**Problem description**
Within the data that follows, set down exactly the lines from the one containing "Blue/White Hydrangea, Hybrid" through the one containing "American Elinor McGuire", both ends included.
======== Task material ========
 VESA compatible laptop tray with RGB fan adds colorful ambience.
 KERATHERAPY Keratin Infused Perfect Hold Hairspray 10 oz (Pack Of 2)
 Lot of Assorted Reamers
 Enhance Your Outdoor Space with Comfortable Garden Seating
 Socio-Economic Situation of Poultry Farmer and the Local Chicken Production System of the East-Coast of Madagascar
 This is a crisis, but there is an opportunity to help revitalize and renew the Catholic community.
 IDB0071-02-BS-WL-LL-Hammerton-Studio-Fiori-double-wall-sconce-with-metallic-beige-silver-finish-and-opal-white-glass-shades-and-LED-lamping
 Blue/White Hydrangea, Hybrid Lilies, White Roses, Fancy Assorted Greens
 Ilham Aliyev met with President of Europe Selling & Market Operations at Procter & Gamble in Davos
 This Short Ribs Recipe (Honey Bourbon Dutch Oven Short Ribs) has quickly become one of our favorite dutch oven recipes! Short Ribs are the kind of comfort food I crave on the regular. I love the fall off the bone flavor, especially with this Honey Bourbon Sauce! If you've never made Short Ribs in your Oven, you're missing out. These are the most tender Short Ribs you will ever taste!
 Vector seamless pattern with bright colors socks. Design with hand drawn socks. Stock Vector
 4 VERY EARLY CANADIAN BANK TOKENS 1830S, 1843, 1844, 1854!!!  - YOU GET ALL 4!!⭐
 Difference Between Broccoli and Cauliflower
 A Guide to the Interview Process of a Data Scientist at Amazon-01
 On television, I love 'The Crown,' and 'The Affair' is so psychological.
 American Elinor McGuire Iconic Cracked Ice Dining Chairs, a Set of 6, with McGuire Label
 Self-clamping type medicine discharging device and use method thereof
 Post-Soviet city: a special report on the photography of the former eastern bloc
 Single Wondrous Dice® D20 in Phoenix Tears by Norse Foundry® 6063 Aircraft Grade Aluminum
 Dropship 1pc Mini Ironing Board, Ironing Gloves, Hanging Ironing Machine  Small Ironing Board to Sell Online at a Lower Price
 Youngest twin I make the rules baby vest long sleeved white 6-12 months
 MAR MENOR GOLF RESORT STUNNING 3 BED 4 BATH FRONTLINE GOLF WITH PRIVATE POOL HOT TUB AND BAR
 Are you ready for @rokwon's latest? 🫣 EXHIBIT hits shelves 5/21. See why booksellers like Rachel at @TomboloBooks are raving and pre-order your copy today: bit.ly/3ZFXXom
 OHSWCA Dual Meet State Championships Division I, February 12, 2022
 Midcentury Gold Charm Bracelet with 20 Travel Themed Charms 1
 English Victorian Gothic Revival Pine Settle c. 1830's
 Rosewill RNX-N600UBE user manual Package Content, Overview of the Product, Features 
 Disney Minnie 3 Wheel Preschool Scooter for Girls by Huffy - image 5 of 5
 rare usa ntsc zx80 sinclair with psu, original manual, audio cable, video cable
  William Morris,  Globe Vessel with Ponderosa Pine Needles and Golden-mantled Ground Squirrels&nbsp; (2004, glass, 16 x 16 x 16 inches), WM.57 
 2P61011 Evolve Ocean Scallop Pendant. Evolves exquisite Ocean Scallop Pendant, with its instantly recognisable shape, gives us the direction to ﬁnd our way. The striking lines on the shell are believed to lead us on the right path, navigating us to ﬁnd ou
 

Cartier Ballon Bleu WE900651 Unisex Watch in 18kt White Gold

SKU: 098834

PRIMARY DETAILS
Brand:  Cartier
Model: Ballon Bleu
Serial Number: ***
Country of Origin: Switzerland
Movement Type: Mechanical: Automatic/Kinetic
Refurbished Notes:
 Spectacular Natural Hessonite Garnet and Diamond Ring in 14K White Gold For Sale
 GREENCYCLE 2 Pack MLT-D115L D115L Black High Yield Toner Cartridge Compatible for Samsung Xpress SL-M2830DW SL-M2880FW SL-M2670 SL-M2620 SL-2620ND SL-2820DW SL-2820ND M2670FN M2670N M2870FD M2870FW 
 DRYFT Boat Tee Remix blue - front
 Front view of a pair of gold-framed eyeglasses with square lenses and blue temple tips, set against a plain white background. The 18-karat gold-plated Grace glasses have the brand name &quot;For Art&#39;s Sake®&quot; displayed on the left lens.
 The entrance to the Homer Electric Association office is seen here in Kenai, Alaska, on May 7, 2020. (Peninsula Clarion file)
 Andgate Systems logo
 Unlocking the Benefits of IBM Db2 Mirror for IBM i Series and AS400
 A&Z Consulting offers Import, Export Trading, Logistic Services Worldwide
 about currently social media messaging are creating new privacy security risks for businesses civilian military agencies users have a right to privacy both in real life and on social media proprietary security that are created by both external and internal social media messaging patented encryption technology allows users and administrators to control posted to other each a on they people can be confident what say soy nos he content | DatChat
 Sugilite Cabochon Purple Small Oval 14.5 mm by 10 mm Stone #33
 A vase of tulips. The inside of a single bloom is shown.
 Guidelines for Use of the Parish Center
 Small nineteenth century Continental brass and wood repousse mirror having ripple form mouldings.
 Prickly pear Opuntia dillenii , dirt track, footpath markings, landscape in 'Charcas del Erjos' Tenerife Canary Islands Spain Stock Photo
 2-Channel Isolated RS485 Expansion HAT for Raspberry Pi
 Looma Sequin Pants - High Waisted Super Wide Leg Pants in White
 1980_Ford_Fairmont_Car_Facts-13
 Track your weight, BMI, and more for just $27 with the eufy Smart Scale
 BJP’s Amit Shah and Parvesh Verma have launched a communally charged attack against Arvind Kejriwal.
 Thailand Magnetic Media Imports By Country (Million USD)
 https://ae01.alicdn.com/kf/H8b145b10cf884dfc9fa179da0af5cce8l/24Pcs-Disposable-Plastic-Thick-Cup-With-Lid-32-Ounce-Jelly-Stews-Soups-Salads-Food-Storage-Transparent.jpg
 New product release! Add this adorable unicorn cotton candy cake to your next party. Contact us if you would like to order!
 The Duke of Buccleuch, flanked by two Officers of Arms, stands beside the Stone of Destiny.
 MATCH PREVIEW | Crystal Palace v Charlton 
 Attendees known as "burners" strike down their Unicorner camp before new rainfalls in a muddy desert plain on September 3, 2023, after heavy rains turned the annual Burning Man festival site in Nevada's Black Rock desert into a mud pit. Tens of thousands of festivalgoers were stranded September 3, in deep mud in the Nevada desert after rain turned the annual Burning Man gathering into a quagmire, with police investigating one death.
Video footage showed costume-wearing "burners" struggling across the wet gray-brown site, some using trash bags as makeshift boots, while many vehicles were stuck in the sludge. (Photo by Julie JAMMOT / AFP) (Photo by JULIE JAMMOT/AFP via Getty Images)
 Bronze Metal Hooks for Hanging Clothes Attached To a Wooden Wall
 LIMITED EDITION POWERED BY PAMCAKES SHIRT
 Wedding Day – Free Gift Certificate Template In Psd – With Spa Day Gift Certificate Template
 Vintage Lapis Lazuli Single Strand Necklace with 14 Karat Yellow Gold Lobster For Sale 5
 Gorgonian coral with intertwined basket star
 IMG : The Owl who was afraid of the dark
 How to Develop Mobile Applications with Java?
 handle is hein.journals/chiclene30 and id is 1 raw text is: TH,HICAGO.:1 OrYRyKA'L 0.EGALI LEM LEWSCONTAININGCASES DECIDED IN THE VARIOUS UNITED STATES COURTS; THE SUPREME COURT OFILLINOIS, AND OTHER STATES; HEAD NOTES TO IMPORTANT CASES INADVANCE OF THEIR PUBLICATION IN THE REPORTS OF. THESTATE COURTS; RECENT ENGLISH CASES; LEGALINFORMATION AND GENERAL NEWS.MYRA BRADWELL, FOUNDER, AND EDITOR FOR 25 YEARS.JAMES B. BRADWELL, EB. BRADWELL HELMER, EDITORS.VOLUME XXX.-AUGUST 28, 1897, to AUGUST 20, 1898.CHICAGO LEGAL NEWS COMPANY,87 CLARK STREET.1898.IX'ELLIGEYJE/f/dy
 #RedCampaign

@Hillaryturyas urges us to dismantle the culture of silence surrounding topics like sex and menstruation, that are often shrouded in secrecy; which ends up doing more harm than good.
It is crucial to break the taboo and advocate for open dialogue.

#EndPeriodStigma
========
**Solution for this task**
 Blue/White Hydrangea, Hybrid Lilies, White Roses, Fancy Assorted Greens
 Ilham Aliyev met with President of Europe Selling & Market Operations at Procter & Gamble in Davos
 This Short Ribs Recipe (Honey Bourbon Dutch Oven Short Ribs) has quickly become one of our favorite dutch oven recipes! Short Ribs are the kind of comfort food I crave on the regular. I love the fall off the bone flavor, especially with this Honey Bourbon Sauce! If you've never made Short Ribs in your Oven, you're missing out. These are the most tender Short Ribs you will ever taste!
 Vector seamless pattern with bright colors socks. Design with hand drawn socks. Stock Vector
 4 VERY EARLY CANADIAN BANK TOKENS 1830S, 1843, 1844, 1854!!!  - YOU GET ALL 4!!⭐
 Difference Between Broccoli and Cauliflower
 A Guide to the Interview Process of a Data Scientist at Amazon-01
 On television, I love 'The Crown,' and 'The Affair' is so psychological.
 American Elinor McGuire Iconic Cracked Ice Dining Chairs, a Set of 6, with McGuire Label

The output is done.